ACA set us on a path of improving healthcare quality and affordability by advancing the meaningful use of technology among providers and patients.  The passing and implementation of the Health Information Technology for Economic and Clinical Health (HITECH) Act set the stage for the adoption of electronic medical records among community health providers who are more likely to serve the underserved. The financial incentives and technical support associated with the CMS EHR Incentive program set the stage for the development of electronic health information exchange between disparate providers and between providers, payors and patients. How can we expect accountability without maximizing technology? 

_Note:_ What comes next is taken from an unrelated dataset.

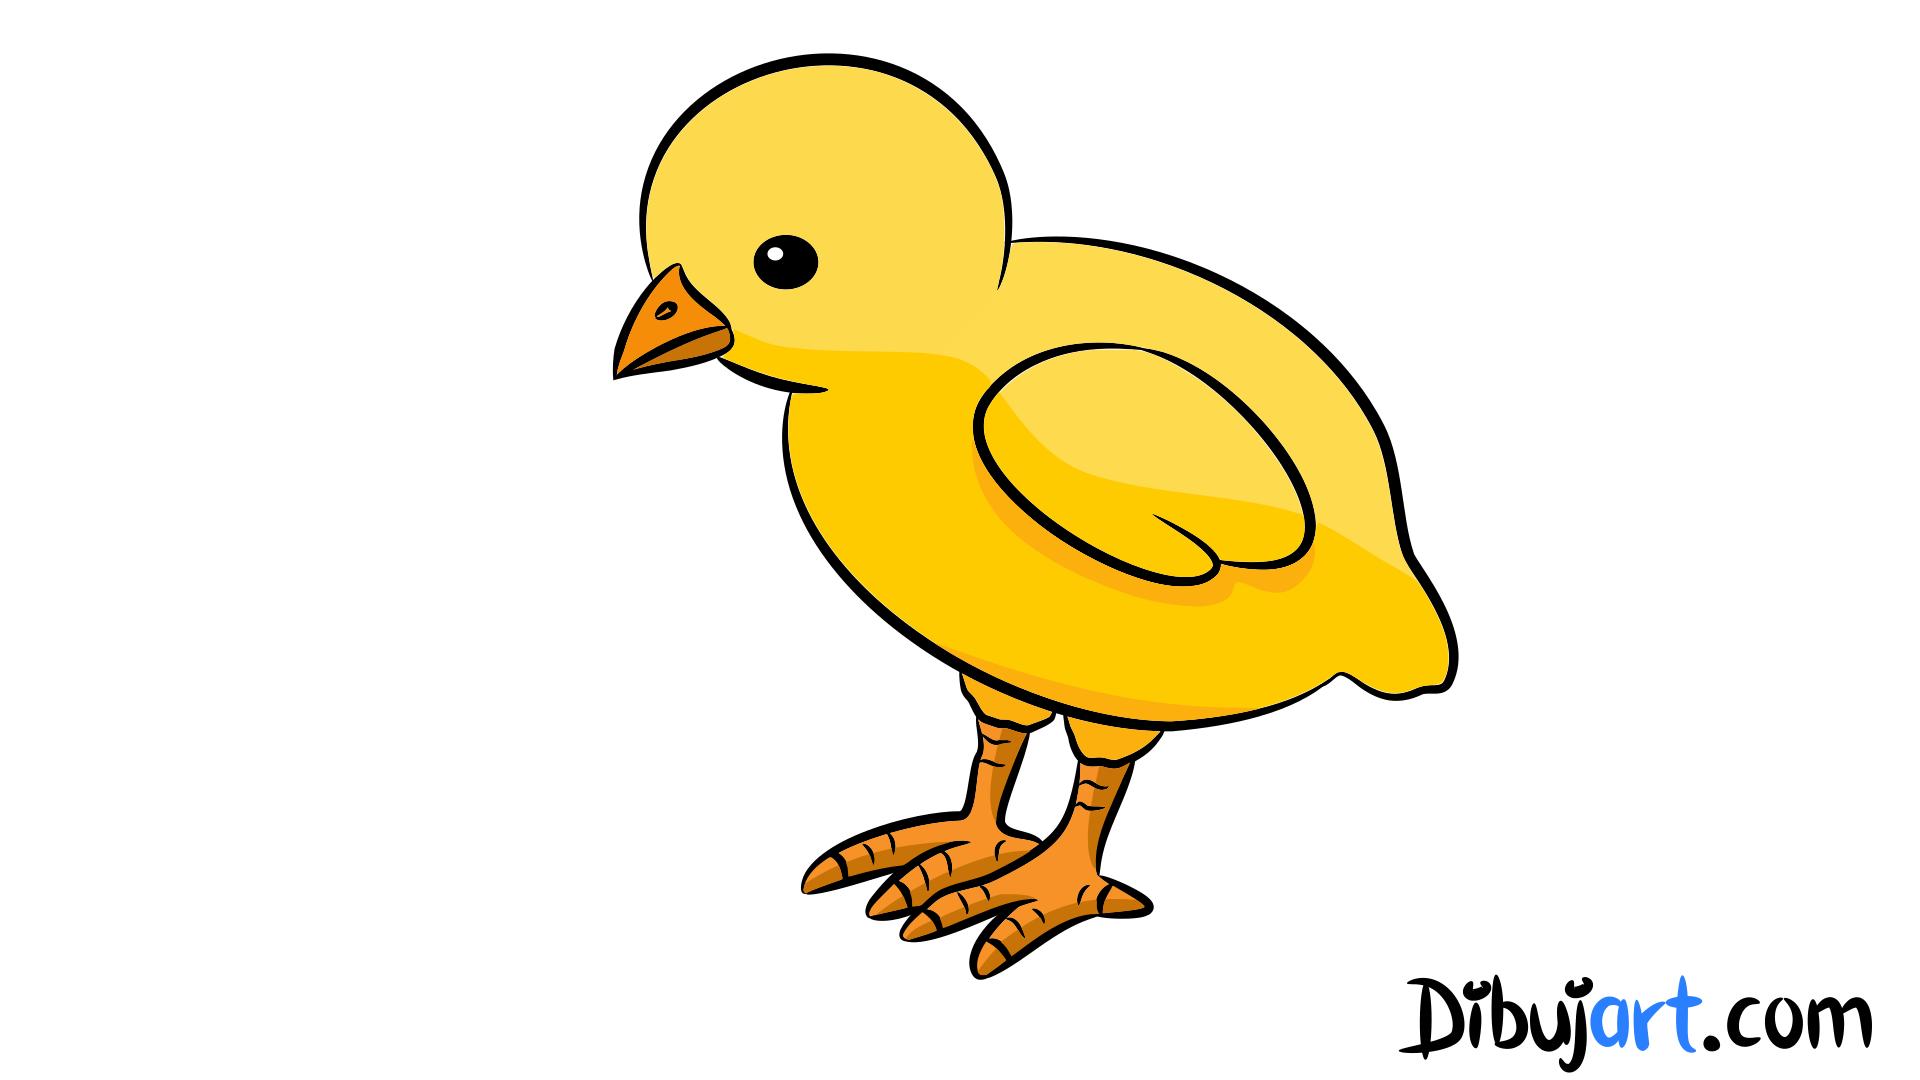 Como Dibujar Un Pollito Pio Paso A Paso Pollitos Dibujo Pollito Pollo Para Dibujar
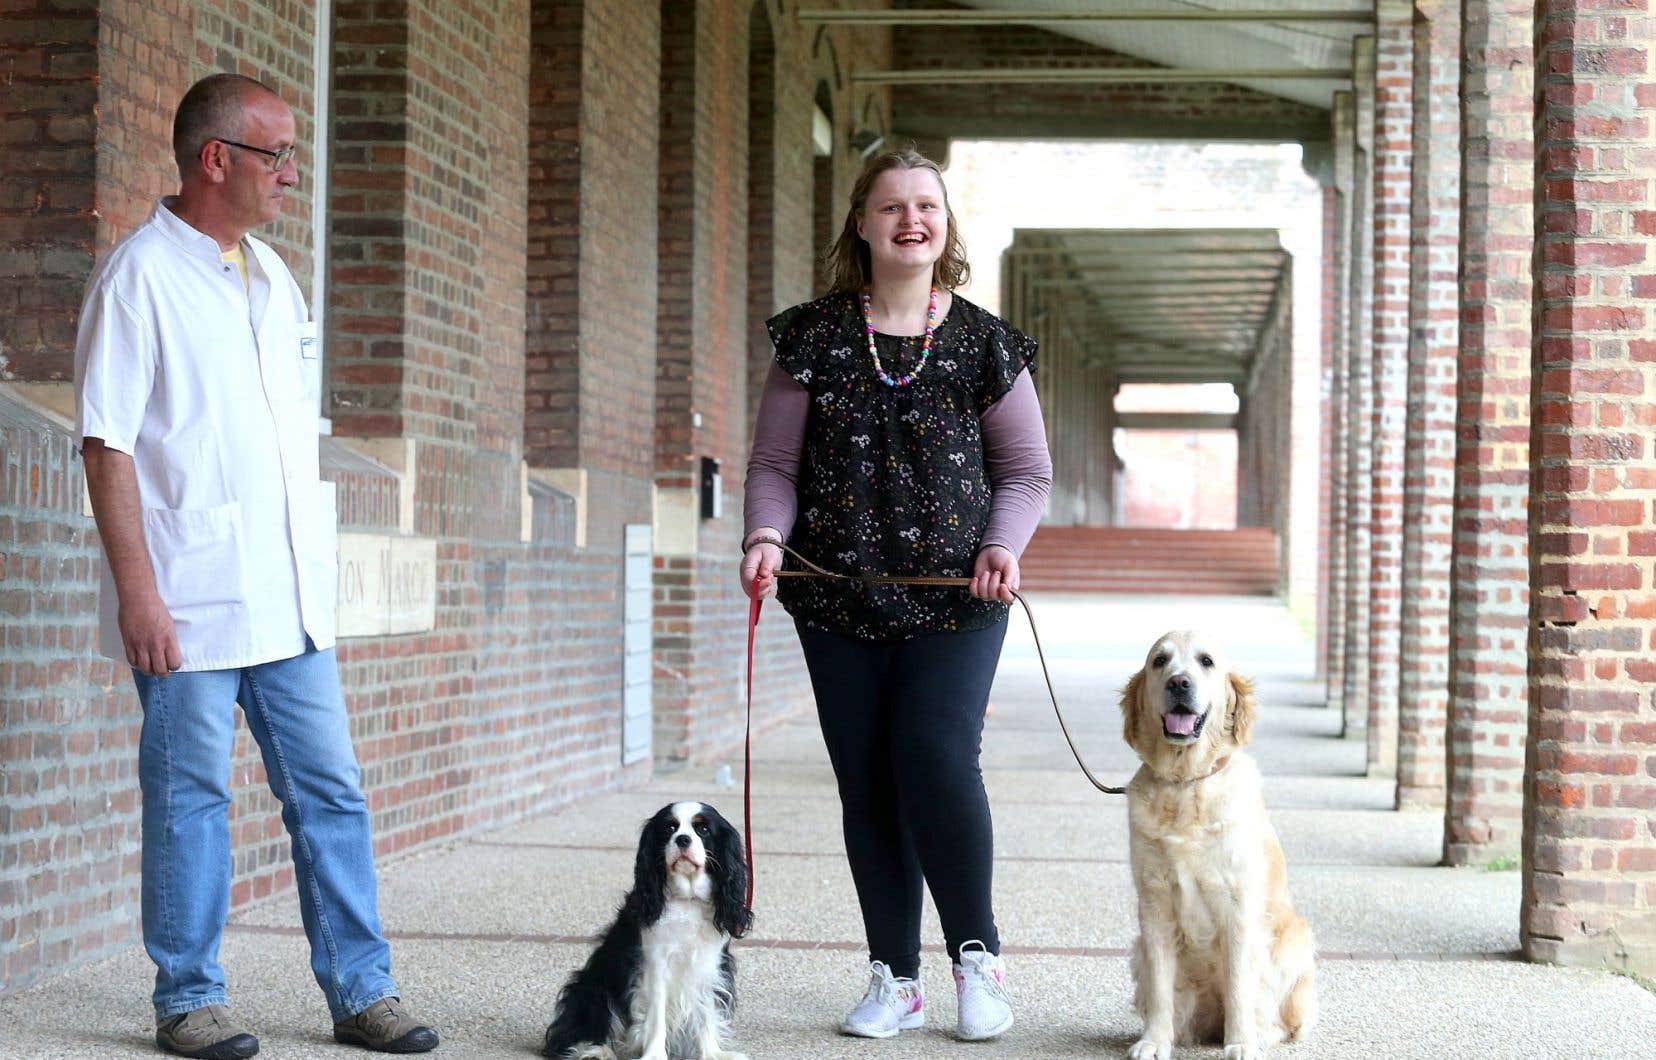 Priscillia, 27 ans, résidente de l'unité psychiatrique de l'hôpital Philippe Pinel d'Amiens, se promène avec deux chiens du cynothérapeute William Lambiotte (gauche).

As I continue to serve the community through my work with ZeroDivide, and as a Board Member of Dignity Health and The California Endowment, I am confronted with the needs of the underserved on a daily basis. I am reminded regularly of how important technology and the fluidity of health information are to the delivery of quality, affordable care. In the past year, ZeroDivide has developed a Community HealthIT Initiative that would promote strategies to empower patients and their providers utilizing the tools of technology to allow them together to meaningfully address healthcare needs — to achieve eHealth Equity and assure that there is no gap in the coordination between the patients’ home and community, the doctor’s office and the hospital setting. Thirty years later, the Mrs. Huang’s of our world should no longer worry about how and where to get care, or whether her limited English speaking ability will hinder making informed health decisions.  She can be assured that both her doctor and the hospital, because of access to her electronic health record, have accurate information

The Supreme Court’s decision to uphold the law is a true reflection of our nation’s commitment to take care of all of its residents, and not just those that can afford it. Our vision of eHealth Equity is now more readily achievable. The time to transform healthcare delivery so that it meets the needs of all is overdue, and our effective and efficient use of the vast array of technical tools available to us will serve as our guidepost for change. We can take advantage of the Meaningful Use provisions in the ACA that incentivize the adoption of electronic health records, health information exchanges, web portals, and mobile apps for patient engagement to pro-actively manage their own health. Now we can confidently guide our communities and their providers to maximize the use of the Internet and social media to improve the health and wellbeing of women, children, seniors, the disabled, and the poor as surely as we use them to address economic and social issues. Momentum, and now policy, is indisputably on our side.